KIPET provides robust plotting methods that make it easy to display the results from simulation and parameter fitting problems. Plots are generated using the Plotly package and are saved as both HTML and SVG file types. The plot methods can be accessed simply by using the plot method. All plots are stored in a folder called “charts” that will be created in the working directory.

r1.plot() # plots all related charts
r1.plot('Z') # plots all concentration charts
r1.plot('A') # plots the component A
r1.plot('V') # plots the volume
# and so on

Settings

If you happen to have used an earlier version of KIPET, you may have noticed that the user was responsible for entering in various options for the variance estimator, parameter estimation, multiple experiments estimator, and so on.
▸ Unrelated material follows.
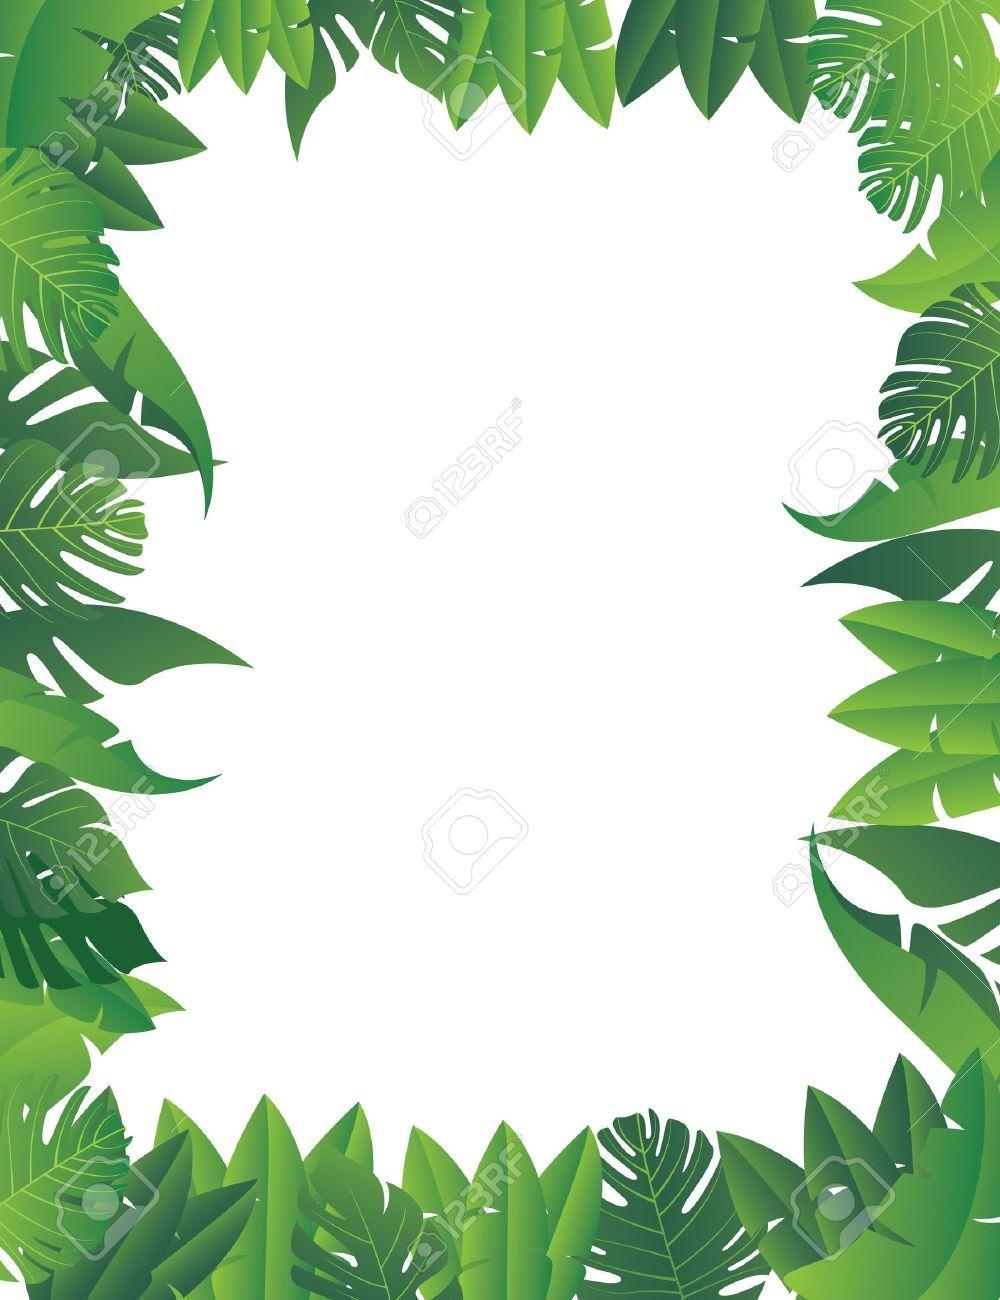 Jungle border clipart png transparent stock Free jungle border clipart 7 » Clipart Portal png transparent stock

In the latest version of KIPET, many of the options are maintained in the background with usually good default values for most problems. However, if you would like to change the default settings, you are free to do so. This can be done by accessing the Settings object through the settings attribute of the ReactionModel instance.

For example, you can change the number of collocation points and the number of finite elements by the following:

r1.settings.collocation.ncp = 3
r1.settings.collocation.nfe = 100

To see all options available, simply type r1.settings into the command prompt. The name in parathenses after the settings section title (i.e. General Settings (general)) is the name used to access this setting. For example, in the example above we change the collocation setting by accessing settings.collocation.ncp and settings.collocation.nfe, as can be seen below. In this way, the user can modify any of the settings using simple dot notation.

>> r1.settings

    General Settings (general):
           confidence : 1
        initialize_pe : True
      no_user_scaling : True
     scale_parameters : False
             scale_pe : True
      scale_variances : False
     simulation_times : None

    Unit Settings (units):
        concentration : M
                 time : hr
               volume : L

    Collocation Settings (collocation):
               method : dae.collocation
                  ncp : 3
                  nfe : 60
               scheme : LAGRANGE-RADAU

    Simulation Settings (simulator):
               solver : ipopt
                  tee : False
          solver_opts : {}

# and many more...

If you would like to change the default values permanently, you can do this by changing the settings.yml file in the kipet directory.